Most of these phishing attacks aren’t exactly clicks, they are website URLs that get spammed to users through messages in small token transfers. Users then view their transaction history and see these links, which then have to be manually copied and pasted into a browser by hand, since most explorers won’t let those links be clickable. These websites then claim to offer things and ask users to either paste your private key into the website or typically login with Scatter.
I haven’t ever seen one for Anchor, but I haven’t looked in probably at least 6 months. The reason is because Anchor actually blocks you from performing any transaction that includes an action to change the keys of an account. Instead of a request you’d approve, it’ll show a red warning message and block the request any time these types of transactions are detected (even if intentional).

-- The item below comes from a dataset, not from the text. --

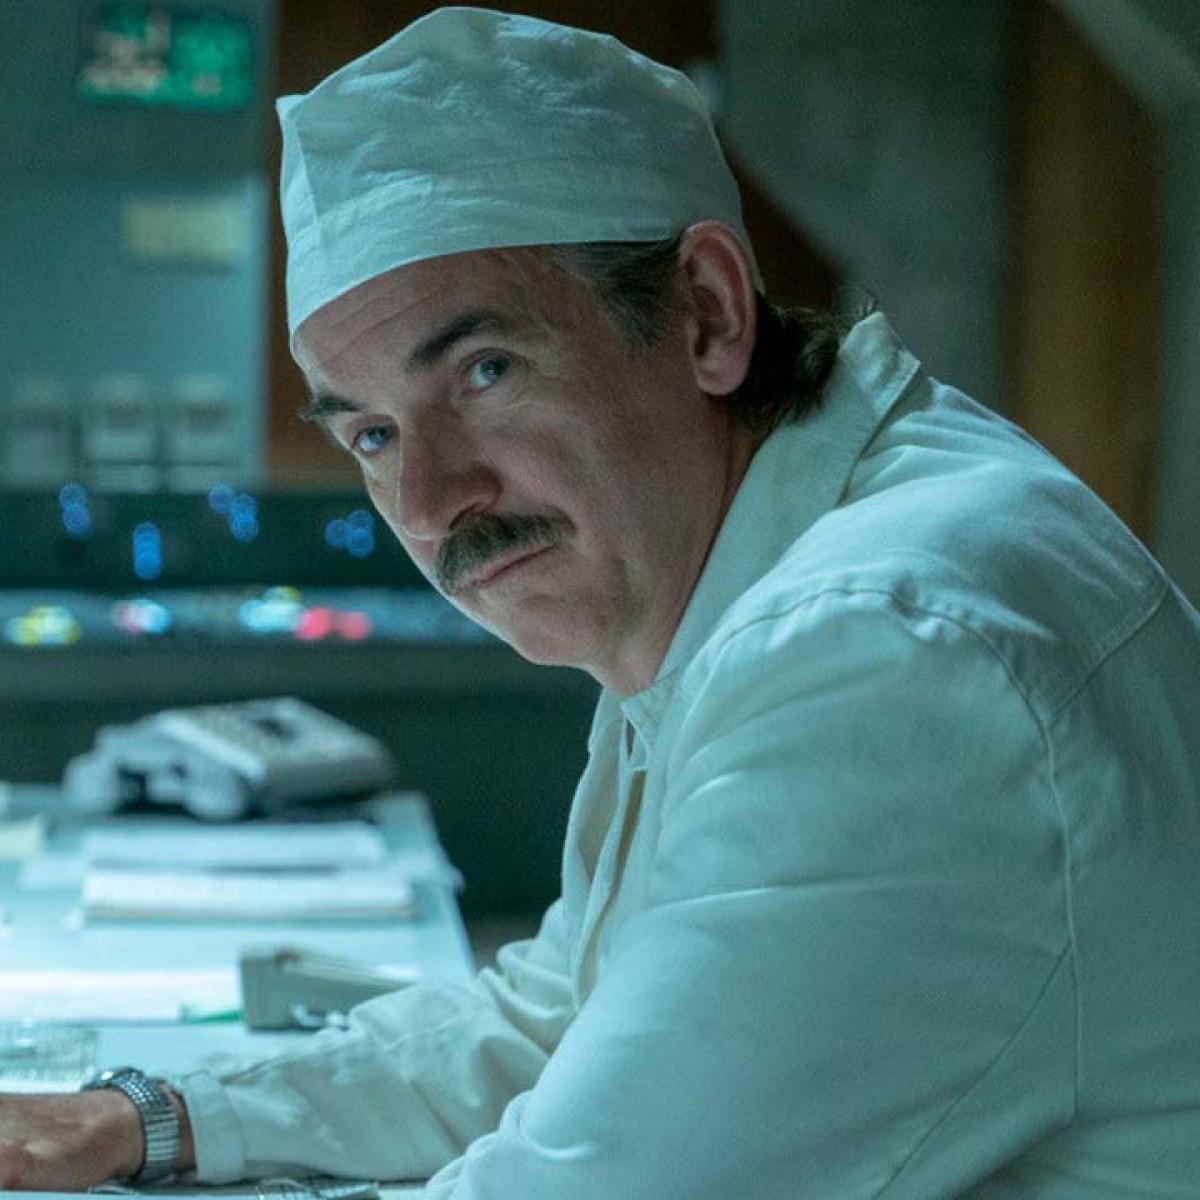 'Harry Potter', 'Chernobyl' actor Paul Ritter dies of brain tumour at 54

Users have to manually opt-out of these warnings through the settings to even be able to sign a key change from an external application. Even opt’d out, there’s red warnings on the screen during the process to create a warning that this isn’t a normal transaction.
The phishing attack specifically in this instance, “free resources from block.one”, was actually masquerading as a “free voice token claim” with a link in the transfer memo. This was one we researched previously and the options they offered was either to paste a key on the website or login w/ Scatter.
This was a thread I found from a while ago where it was discussed:
https://forums.eoscommunity.org/t/wallet-hacked-looking-for-hope/350
As for your final comment:
We don’t “run the wallet” - you do. When using any non-custodial wallet… you are downloading free, open source software, that exists on a best-effort basis under the MIT license. It’s ultimately your responsibility to secure your computer, applications, and private keys.
For what it’s worth - I know this is a shitty situation and I wish there was something I could offer, unfortunately there is not. I’ve been scammed myself years ago, and have interacted with dozens of people (if not more) who have fallen into this trap. It sucks, both having it happen to you and having to explain to people what happened.